My shock at the unfortunate name must've jarred some response from Mary Elizabeth. "Trash Panda Terry is better than what people around here used to call him."

"What did…."

"They called him that effin' bum Terry."

I reluctantly nodded in agreement. "Okay, Trash Panda Terry is nicer."

"He's harmless, mostly, but he's touched in the head. I'll…." She whisked past me and turned the corner of the house. She tapped David on the shoulder and told him to move. If David was confused before, the addition of a bathrobe-clad old lady only added to the madness.

David leaned into me and whispered, "Some neighborhood you live in. Colorful characters."

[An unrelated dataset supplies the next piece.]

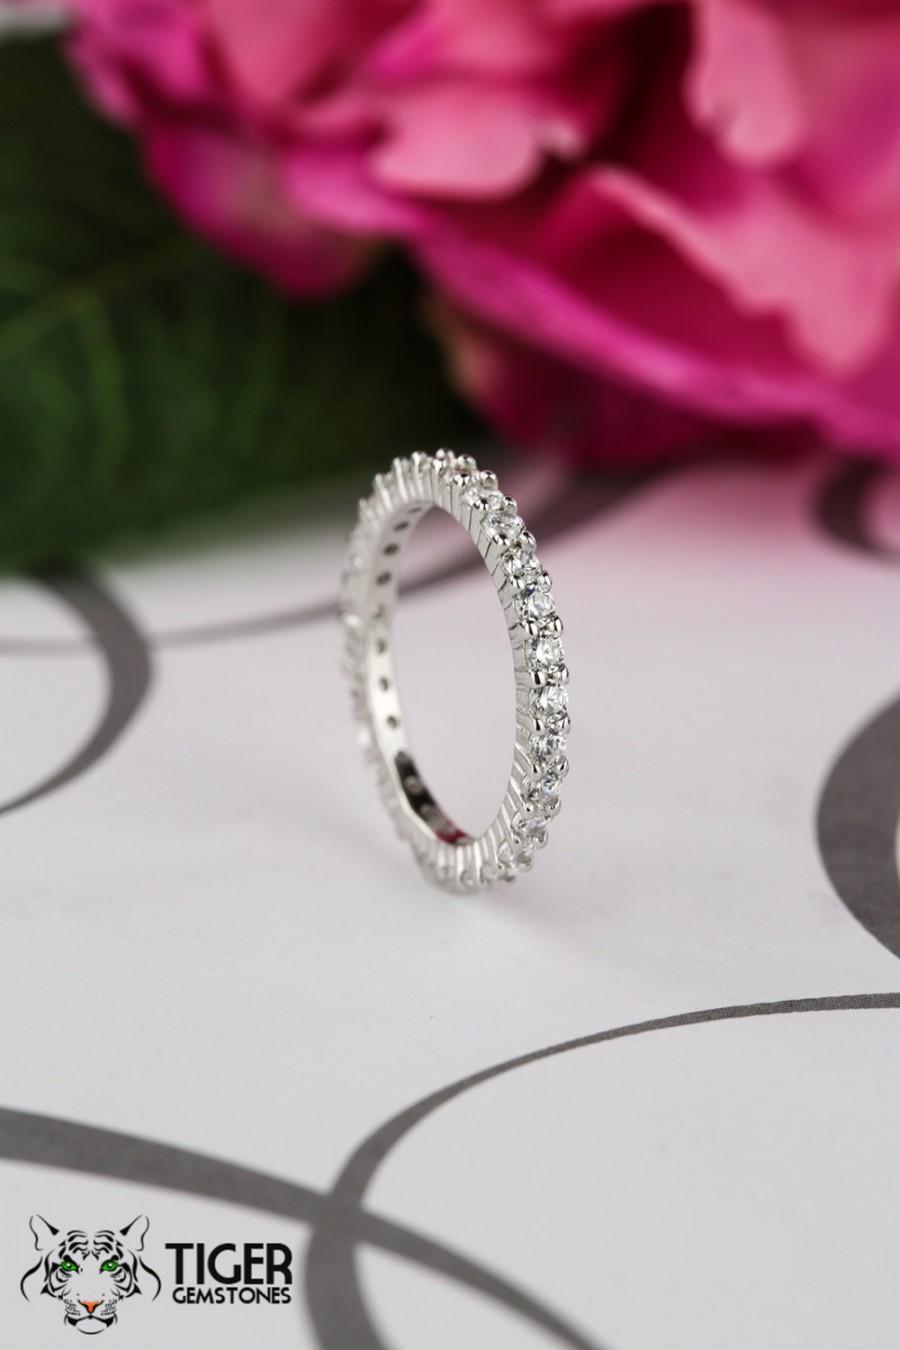 Hochzeit - 1 ctw Eternity Band, 2mm Wedding Band, Engagement Ring, Man Made Diamond Simulant, Bridal Ring, Sterling Silver, Promise Ring, Wedding Ring

I smiled, my cheeks flushing red. "Wait until you meet Midnight Mel, the night stalker."

"Wait, really?"

Before I responded, Mary Elizabeth stomped her foot. "Terry! Terry! This is Mary Elizabeth! What are you doing down there?"

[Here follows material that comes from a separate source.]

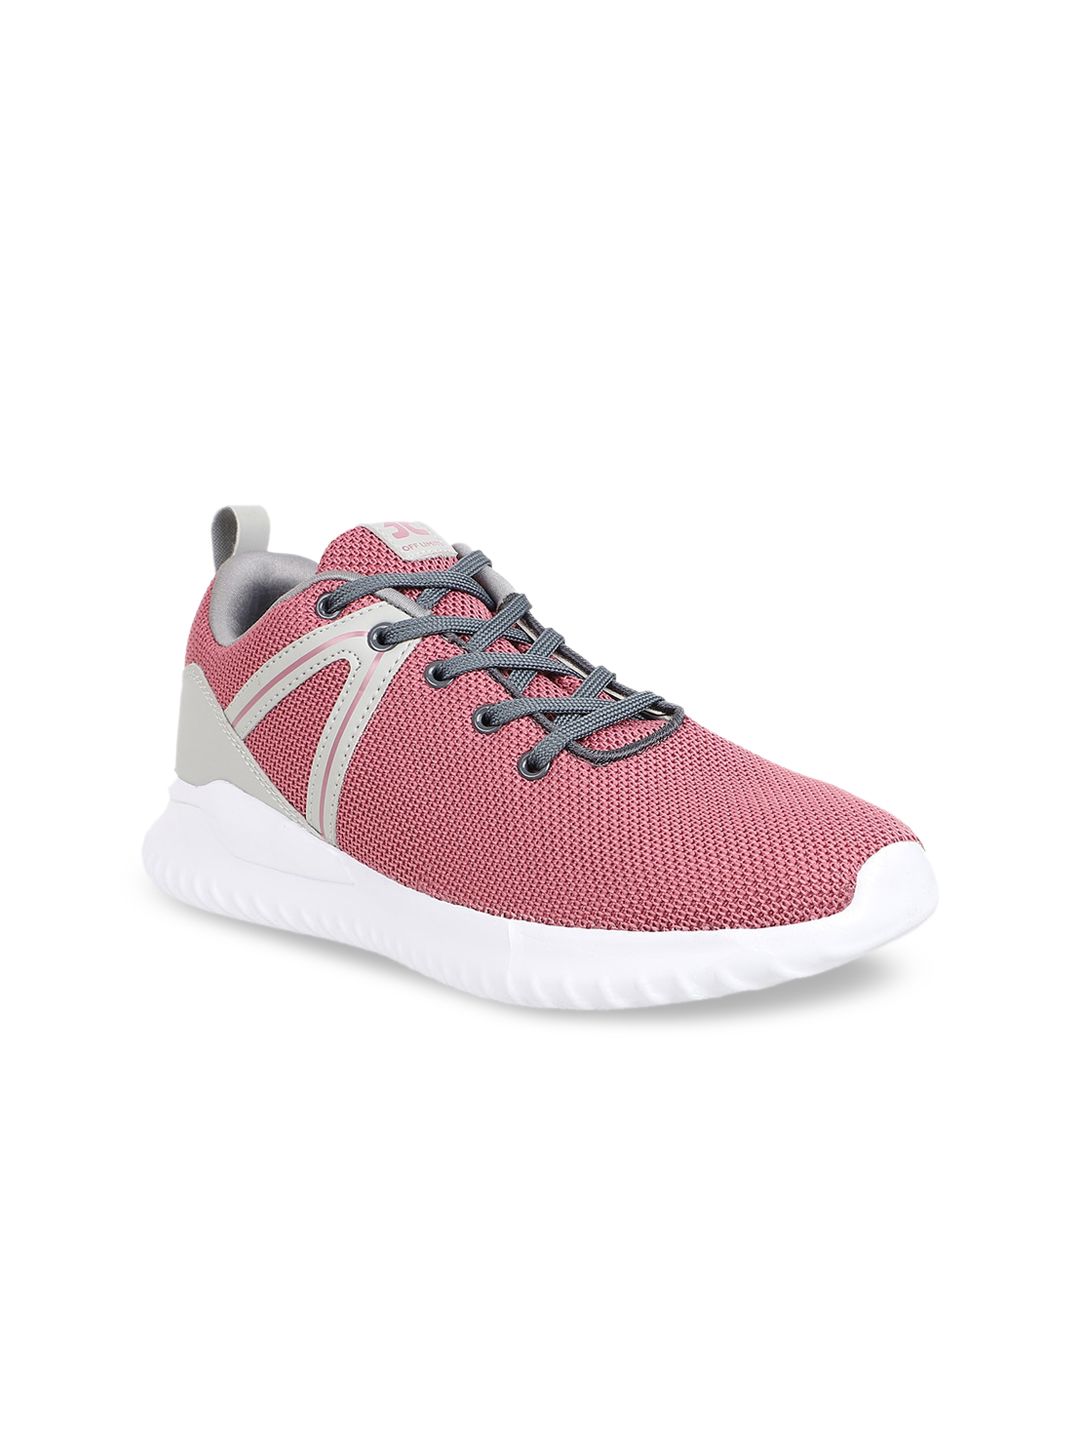 OFF LIMITS Women Pink Mesh Mid-Top Running Shoes Price in India

"Mary?" the voice said, a flicker of recognition in the tone.

"Mary Elizabeth, yes. You have got to get out from under this poor girl's house."

"I thought I left something down here," he said, twisting his body around so he'd face the opening.

"Well, you haven't. Now, come on, get. You're scaring these three young kids."

David's face screwed up in confusion before he quickly added, "I'm not scared."

"If you don't want to spend the night in jail, get movin'. Shelter is two streets over."

"Sorry, Mary," he said, inch-worming his body back toward the light. "I must've left it somewhere else."

"You've given this man quite a fright," she reiterated. Geri and I smiled and suppressed giggles. David, confused, just shook his head. "Come on now."

After waiting an extraordinary amount of time, Trash Panda Terry crawled out. Covered in dirt and old spiderwebs, he glanced up at Mary and grinned. Half his teeth had "gone fishin'," but his demeanor was innocent. "Sorry," he said, standing and brushing himself off. "I thought I left something under there."

"You probably left it at the shelter," Mary Elizabeth said, her tone softening. "Go on back there and leave these people alone, okay?"

"Sorry," he mumbled. He put his head down, wandered down the street, and started hoofin' it to points unknown.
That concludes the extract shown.